[Extracted records]
********************
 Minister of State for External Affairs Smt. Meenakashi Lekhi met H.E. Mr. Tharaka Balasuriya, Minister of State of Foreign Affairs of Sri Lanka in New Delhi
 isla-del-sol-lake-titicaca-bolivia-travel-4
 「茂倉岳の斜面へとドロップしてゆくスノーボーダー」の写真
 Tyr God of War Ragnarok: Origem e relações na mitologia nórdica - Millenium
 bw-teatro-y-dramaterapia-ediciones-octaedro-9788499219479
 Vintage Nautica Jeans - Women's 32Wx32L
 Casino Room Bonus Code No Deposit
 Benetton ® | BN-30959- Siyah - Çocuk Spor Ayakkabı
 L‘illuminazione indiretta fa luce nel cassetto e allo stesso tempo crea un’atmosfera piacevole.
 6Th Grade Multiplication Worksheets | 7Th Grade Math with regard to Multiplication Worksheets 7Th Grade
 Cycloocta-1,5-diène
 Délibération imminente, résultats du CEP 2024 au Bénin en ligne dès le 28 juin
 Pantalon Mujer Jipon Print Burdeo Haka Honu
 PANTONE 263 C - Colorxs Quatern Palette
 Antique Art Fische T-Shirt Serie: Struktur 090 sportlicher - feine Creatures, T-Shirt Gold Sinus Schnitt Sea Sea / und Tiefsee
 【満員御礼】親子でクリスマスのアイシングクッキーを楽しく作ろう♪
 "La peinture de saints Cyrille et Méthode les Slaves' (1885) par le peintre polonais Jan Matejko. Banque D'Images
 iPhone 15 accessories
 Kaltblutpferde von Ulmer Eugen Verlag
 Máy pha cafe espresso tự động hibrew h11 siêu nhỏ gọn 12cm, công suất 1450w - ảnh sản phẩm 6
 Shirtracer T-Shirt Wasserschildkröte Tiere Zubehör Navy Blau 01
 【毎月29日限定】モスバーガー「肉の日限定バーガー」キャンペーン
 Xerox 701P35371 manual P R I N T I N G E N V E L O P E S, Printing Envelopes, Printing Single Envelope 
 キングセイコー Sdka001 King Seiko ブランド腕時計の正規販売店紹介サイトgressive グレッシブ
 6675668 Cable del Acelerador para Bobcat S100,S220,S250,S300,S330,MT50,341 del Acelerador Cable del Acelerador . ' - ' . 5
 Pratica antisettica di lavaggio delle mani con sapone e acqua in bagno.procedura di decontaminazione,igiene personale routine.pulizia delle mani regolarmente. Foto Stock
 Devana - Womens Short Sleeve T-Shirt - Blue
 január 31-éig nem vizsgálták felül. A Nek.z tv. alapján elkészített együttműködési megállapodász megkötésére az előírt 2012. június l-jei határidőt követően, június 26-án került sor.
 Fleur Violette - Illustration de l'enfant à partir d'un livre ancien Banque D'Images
********************
◆ WHAT IS BEING ASKED: Copy out each line of the data above, exactly, if it lies between the line holding "isla-del-sol-lake-titicaca-bolivia-travel-4" and the line holding "Délibération imminente, résultats", inclusive; copy no other line.

◆ ANSWER TO THE PROBLEM:
 isla-del-sol-lake-titicaca-bolivia-travel-4
 「茂倉岳の斜面へとドロップしてゆくスノーボーダー」の写真
 Tyr God of War Ragnarok: Origem e relações na mitologia nórdica - Millenium
 bw-teatro-y-dramaterapia-ediciones-octaedro-9788499219479
 Vintage Nautica Jeans - Women's 32Wx32L
 Casino Room Bonus Code No Deposit
 Benetton ® | BN-30959- Siyah - Çocuk Spor Ayakkabı
 L‘illuminazione indiretta fa luce nel cassetto e allo stesso tempo crea un’atmosfera piacevole.
 6Th Grade Multiplication Worksheets | 7Th Grade Math with regard to Multiplication Worksheets 7Th Grade
 Cycloocta-1,5-diène
 Délibération imminente, résultats du CEP 2024 au Bénin en ligne dès le 28 juin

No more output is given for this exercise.